Skocz do zawartości

Klub otwarty  ·  120 członków

Simaudio Klub
IGNORED

Simaudio CLUB


Rekomendowane odpowiedzi

4 minuty temu, marek s napisał:

Dodam od siebie, że kable Lan tak samo jak sieciówki, głośnikowe i interkonekty różnią się brzmieniem, taki Furutech Lan 8 NCF gra jasno, szybko, z krótkim basem w stosunku do droższego Acoustic Revive, który gra ciemno, powolnie z dociązeniem. Ja gram na zwykłym kablu takim za 100 zł, ponieważ w stosunku do nich był uniwersalny i nie ingerował mocno w brzmienie.

Możesz to jakoś logicznie wytłumaczyć? 

Słyszysz różnice między wifi a lan? 

Logiką niech się zajmą inni. Nie czuję  się ekspertem. Opisałem jak u mnie zabrzmiały te kable. Wifi używam tylko do netu. Do sprzętu mam podłączony kabel Lan.
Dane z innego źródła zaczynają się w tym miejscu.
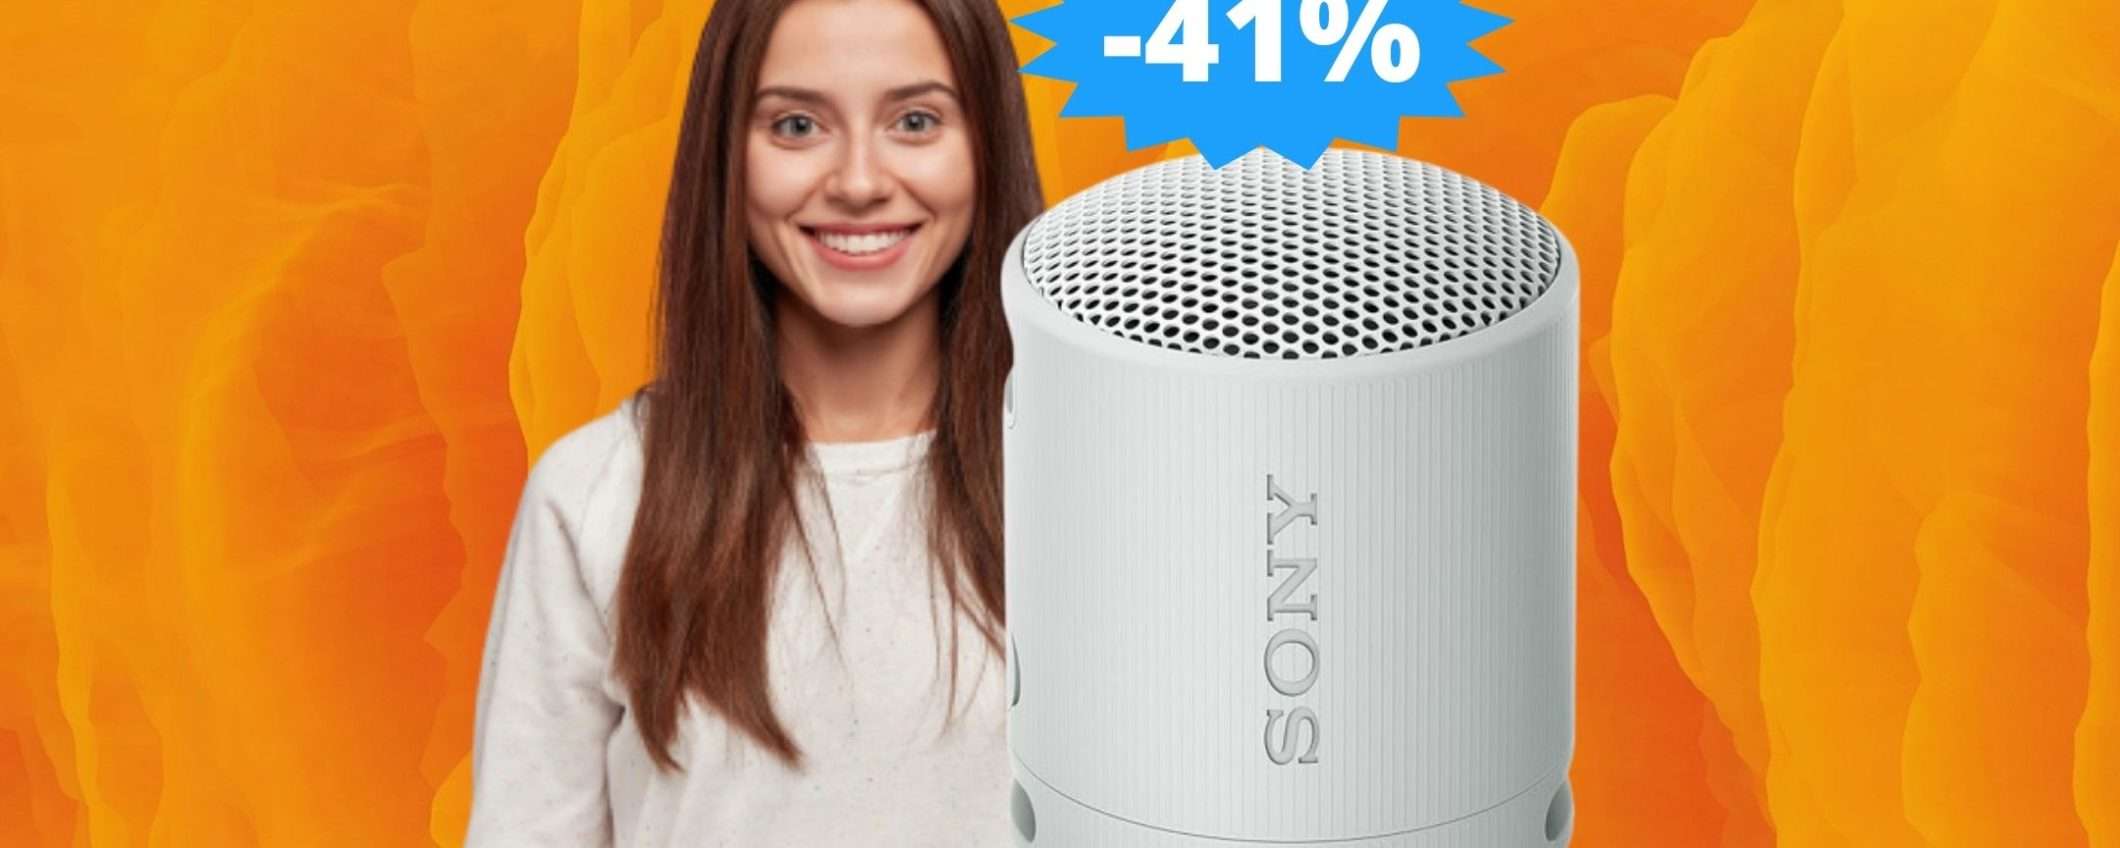 Speaker Sony SRS-XB100: la qualità audio che meriti (-41%)

Lepiej mieć stałe łącze jak po antenie.

22 minuty temu, marek s napisał:

taki Furutech Lan 8 NCF gra jasno, szybko, z krótkim basem w stosunku do droższego Acoustic Revive, który gra ciemno, powolnie z dociązeniem

W to już racjonalnie nie jestem w stanie uwierzyć. W takim razie najlepiej powinno grać wi-fi, bo tam nie ma przewodu 😉
Ewentualnie wilgotność powietrza i kierunek wiatru też mogłyby wpływać na jakość dźwięku przez wi-fi...
 

18 minut temu, DAWH napisał:

Możesz to jakoś logicznie wytłumaczyć? 

Słyszysz różnice między wifi a lan? 

Najlepiej sam się przekonaj, pożycz z Audio Atelier od P. Krzyśka switch Silent Bonn z zasilaczem. Jak stwierdzisz że nie ma różnicy to oddasz, ale wierz mi, że usłyszysz różnicę to jakby porownac mp3 do Flac lub Sacd.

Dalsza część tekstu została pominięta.